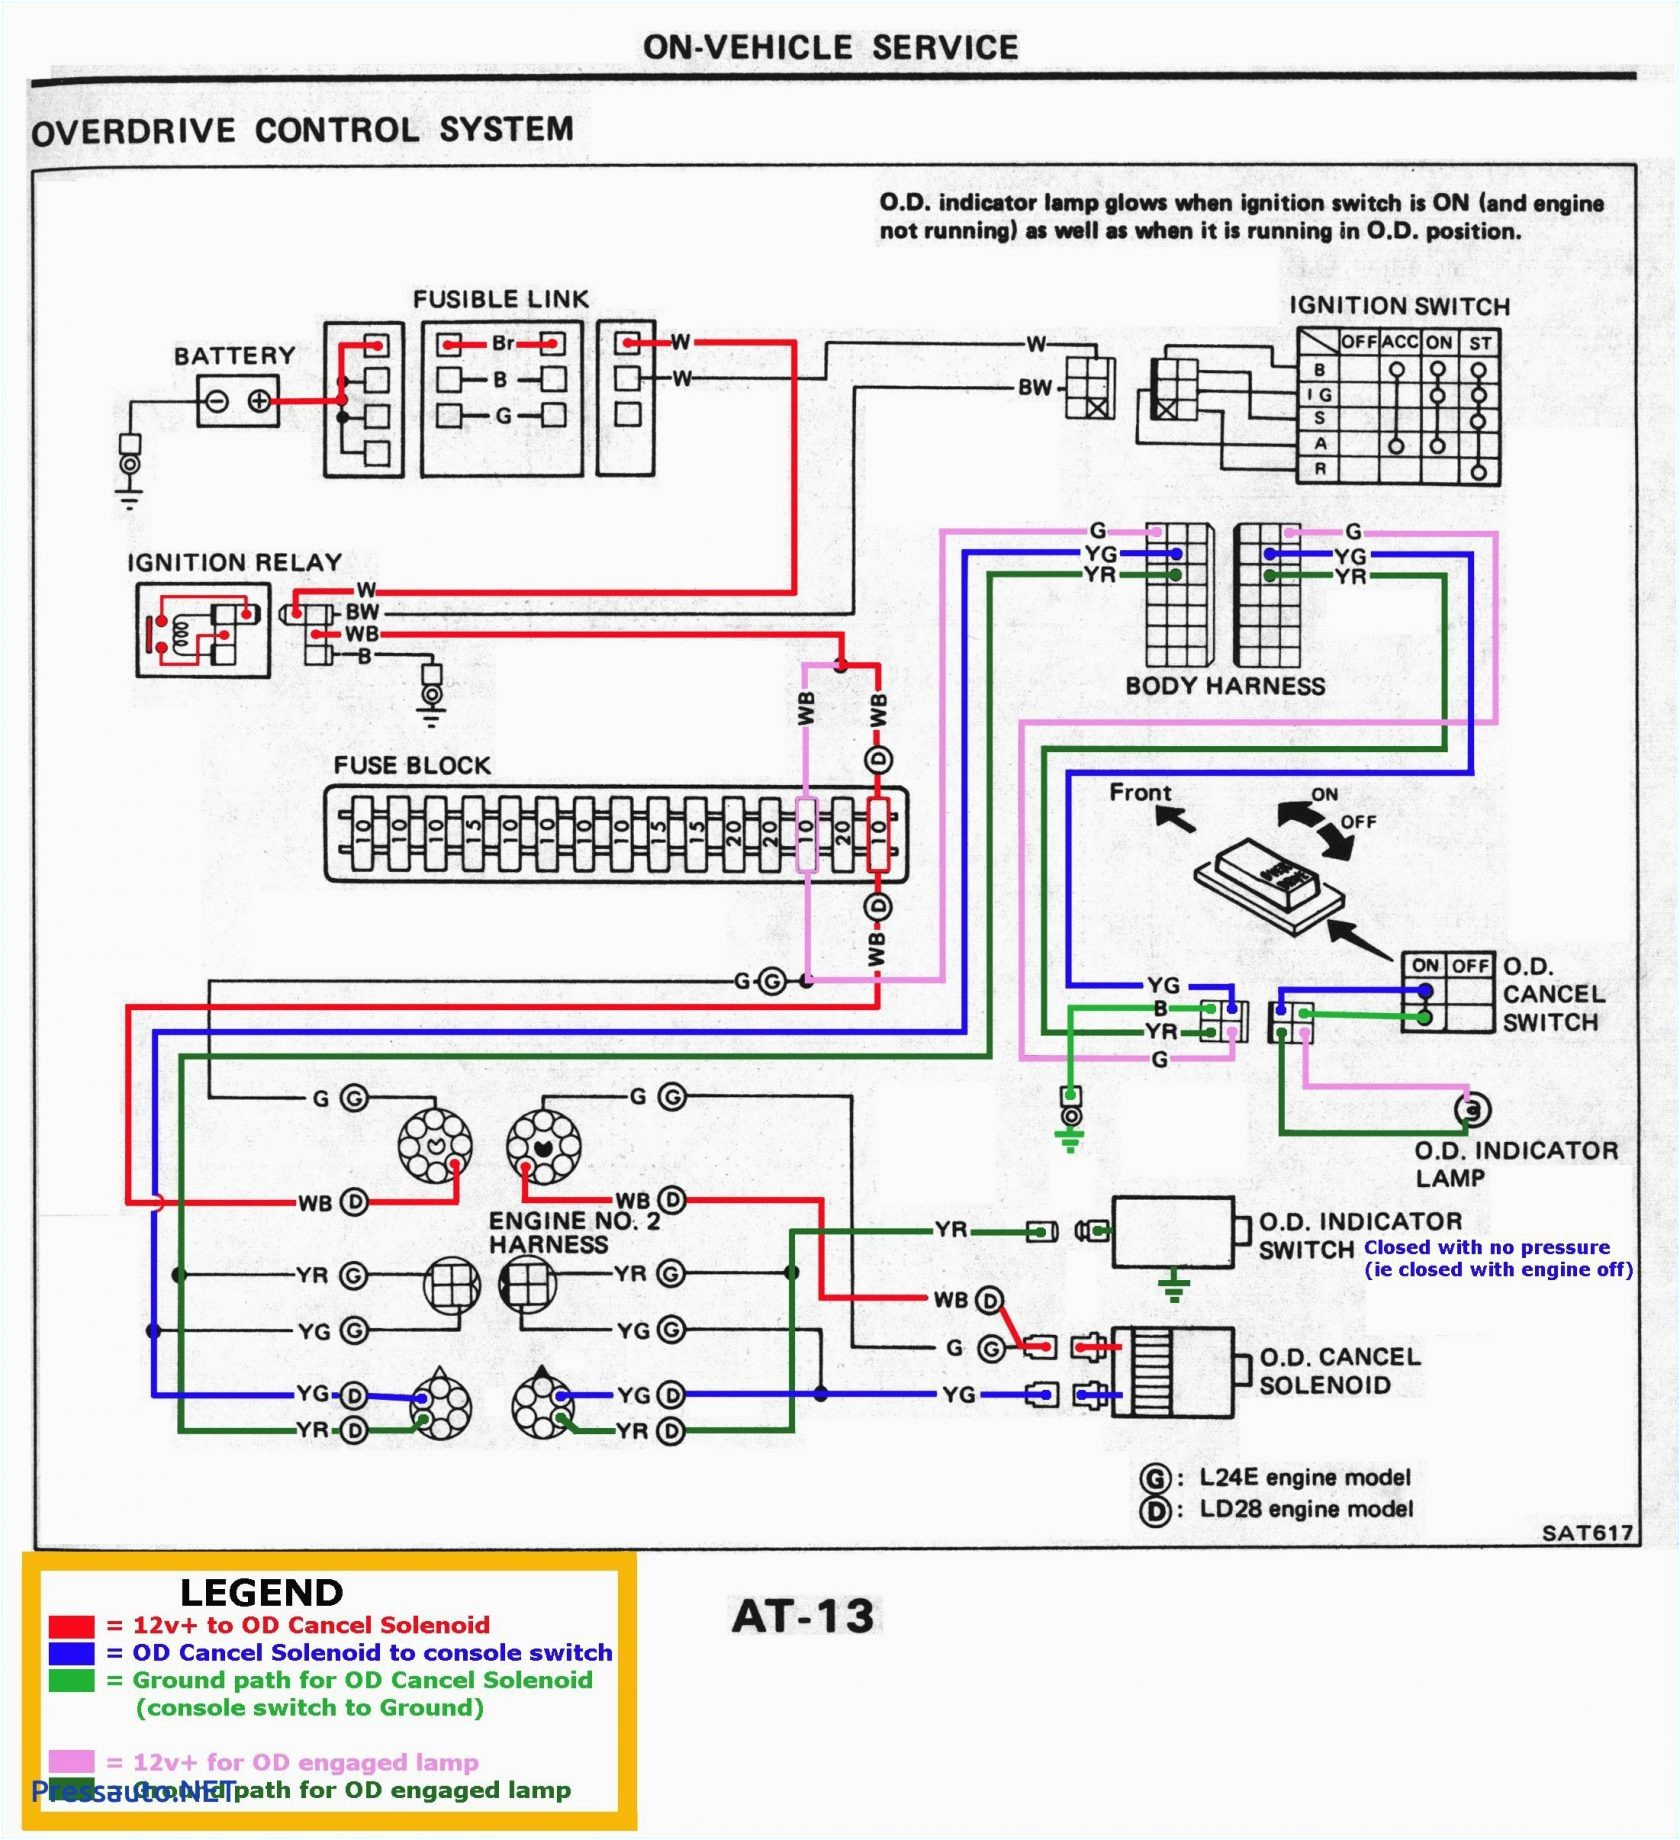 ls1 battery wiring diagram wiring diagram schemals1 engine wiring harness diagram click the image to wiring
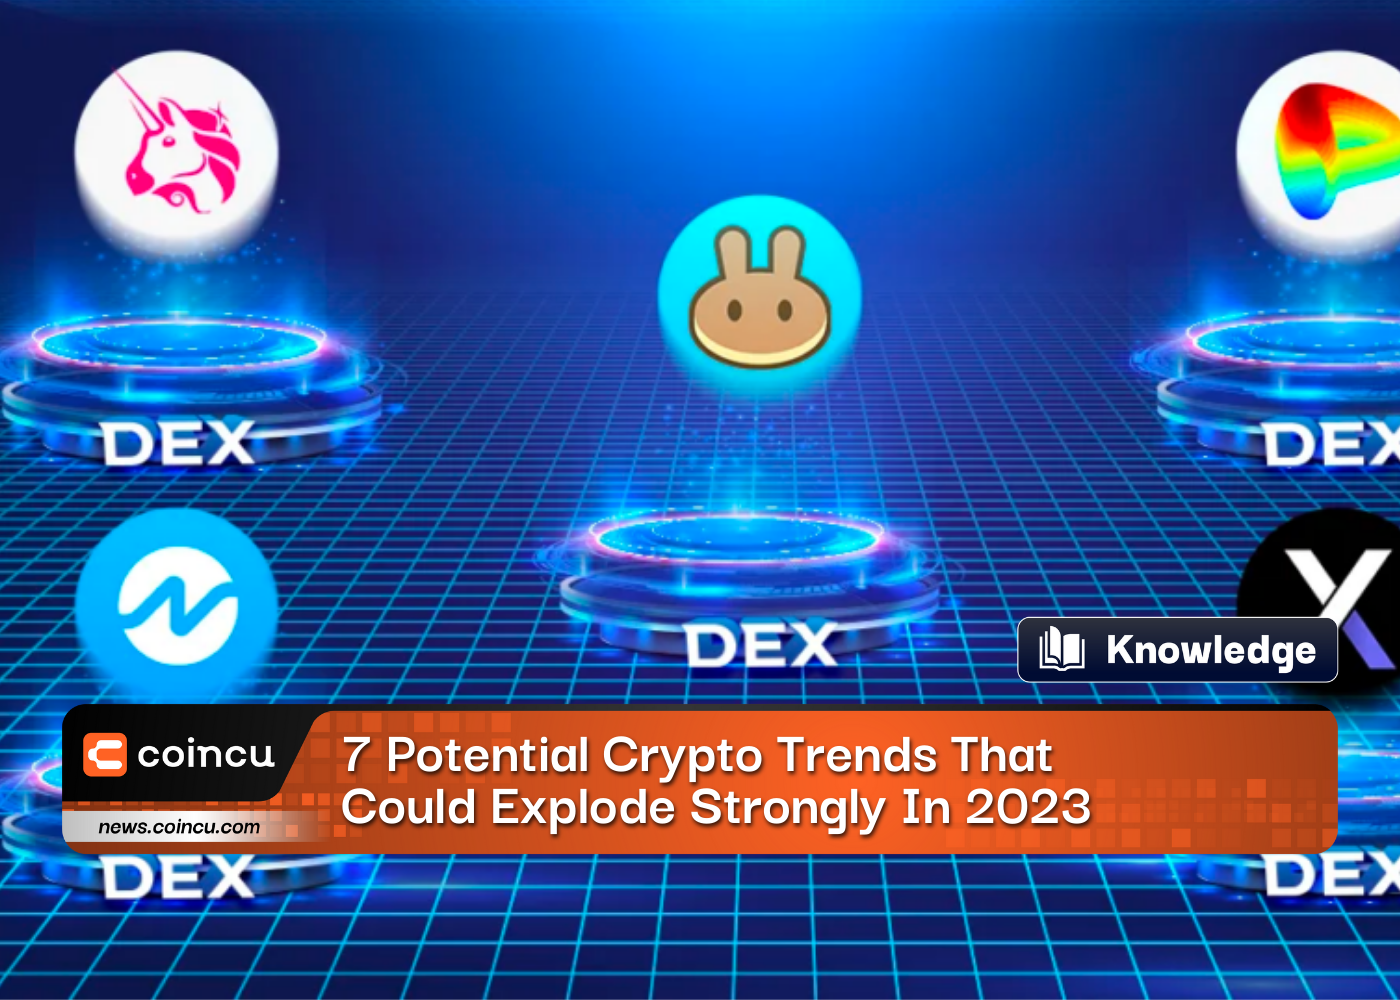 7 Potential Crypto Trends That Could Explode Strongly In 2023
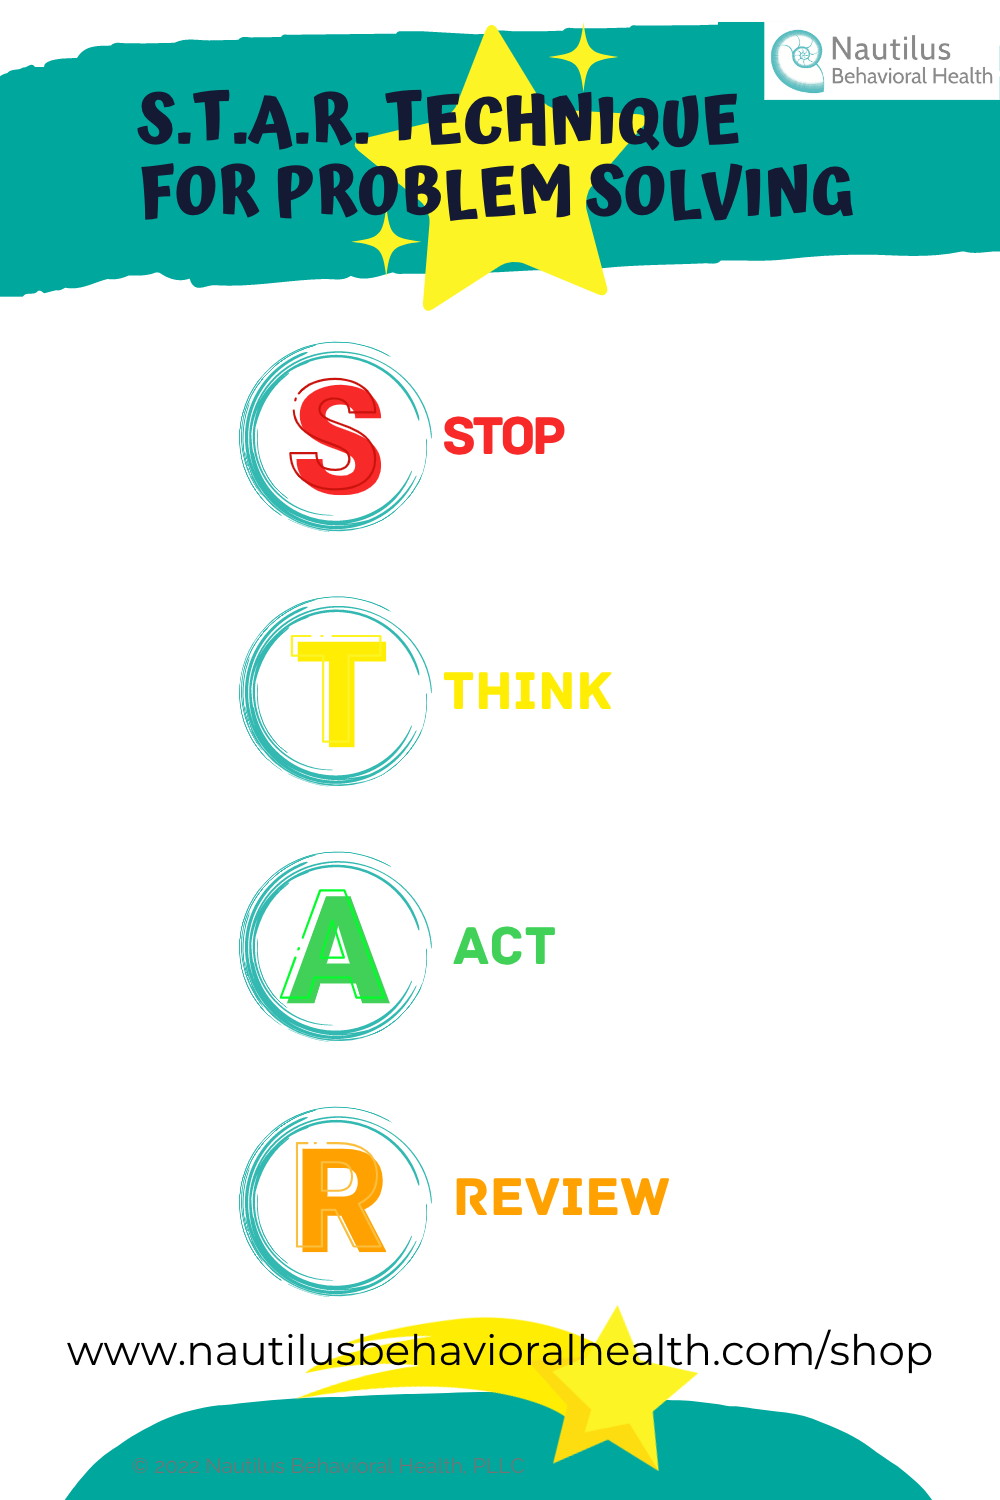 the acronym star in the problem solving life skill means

Task objective:
Could you print the material above word for word and skip the images?

Written solution:
 ls1 battery wiring diagram wiring diagram schemals1 engine wiring harness diagram click the image to wiring
 7 Potential Crypto Trends That Could Explode Strongly In 2023
 the acronym star in the problem solving life skill means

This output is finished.